Q3: Can I scrape more fields than title, images, and price? Yes. The core schema focuses on title, price, and images, but the parser is designed to be extendable. You can customize it to extract additional fields—such as tags, description, category, or color/size variants—by modifying the parser layer without changing the input contract.
Q4: What happens if a URL is invalid or a product no longer exists? Invalid or unavailable URLs are handled gracefully. The scraper records an error for that entry (including the URL and a short message) while continuing with the rest of the batch. This ensures that a single problematic URL does not interrupt the entire scraping run.
Primary Metric: On a typical configuration with 4 GB of memory, processing 1,000 Teepublic product URLs completes in roughly 60 seconds, assuming stable network conditions and default concurrency settings.
Reliability Metric: Across large test batches, the scraper maintains a success rate of around 98–99% for reachable and valid product URLs, with retries applied to transient network errors.
Efficiency Metric:
With concurrency: 20 and chunk: 200, memory usage averages around 4.4 GB for 1,000 URLs.

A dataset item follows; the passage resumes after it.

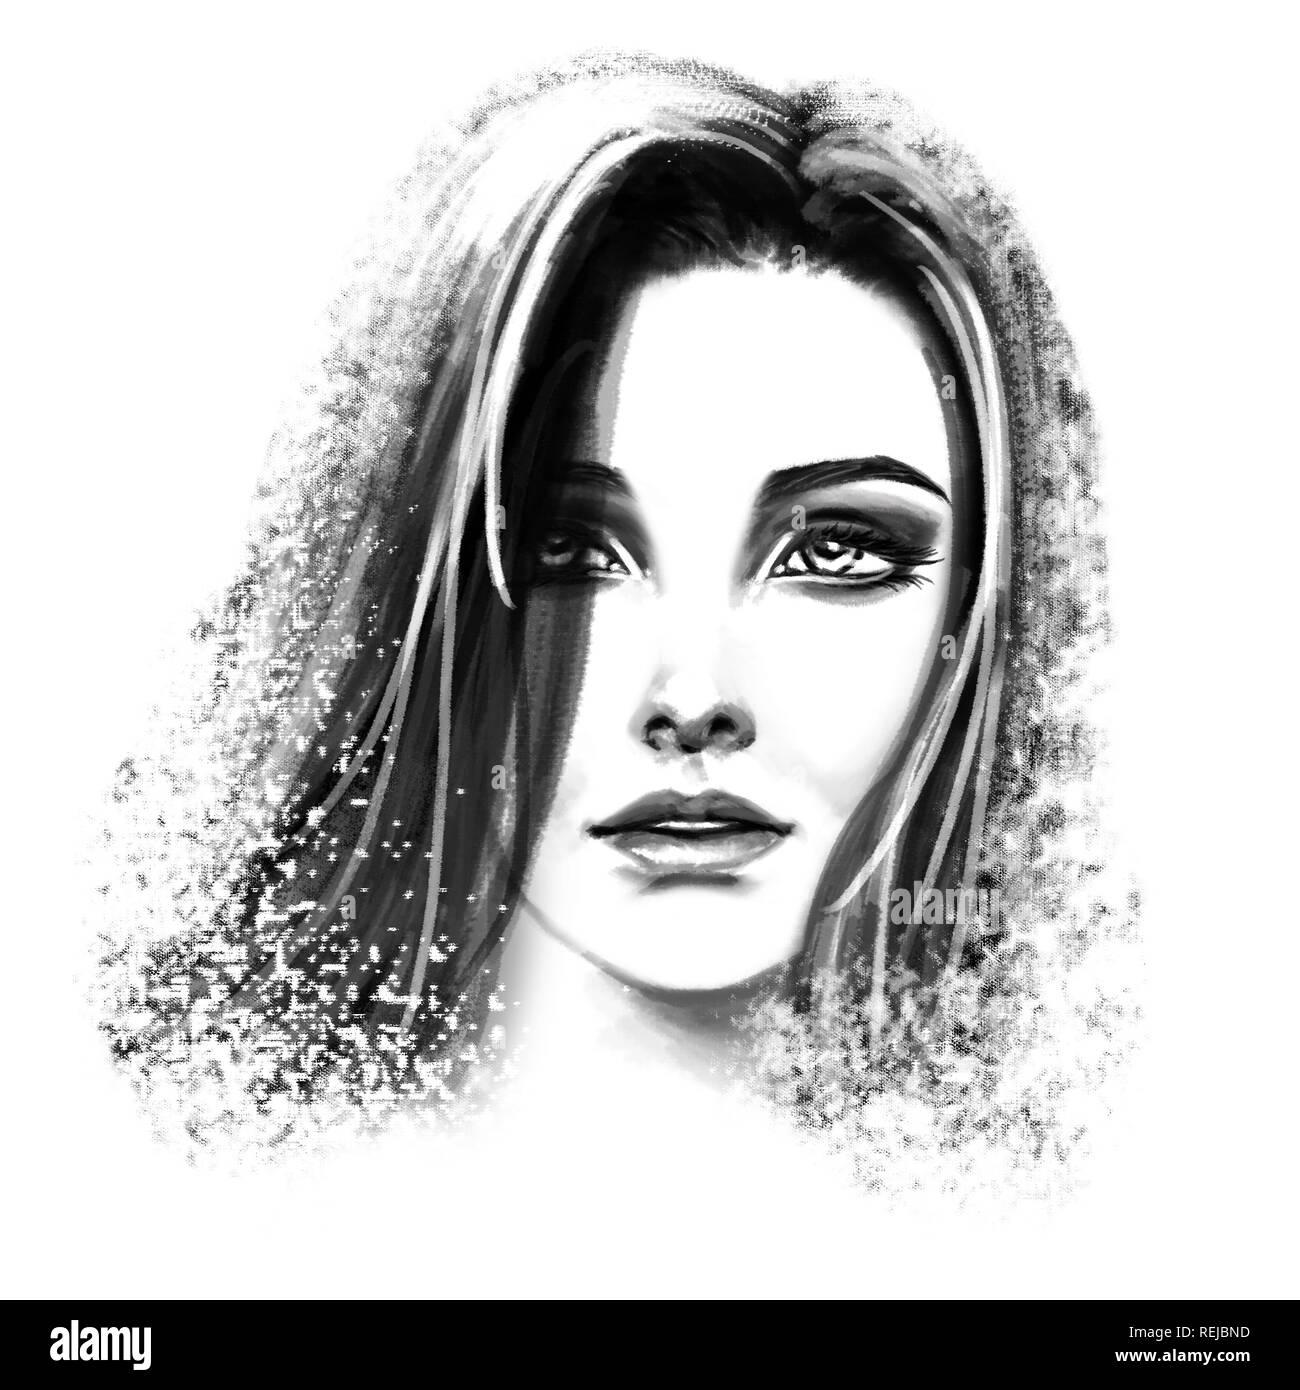 Noir Et Blanc Femme Tête Portrait Dessin à La Craie Banque D

Scaling to larger batches is primarily a matter of increasing memory and adjusting chunk size to fit available resources.
Quality Metric: For well-formed Teepublic product pages, the scraper consistently retrieves 100% of main product images and nearly all visible pricing information, providing clean, deduplicated JSON suitable for downstream analytics and storage.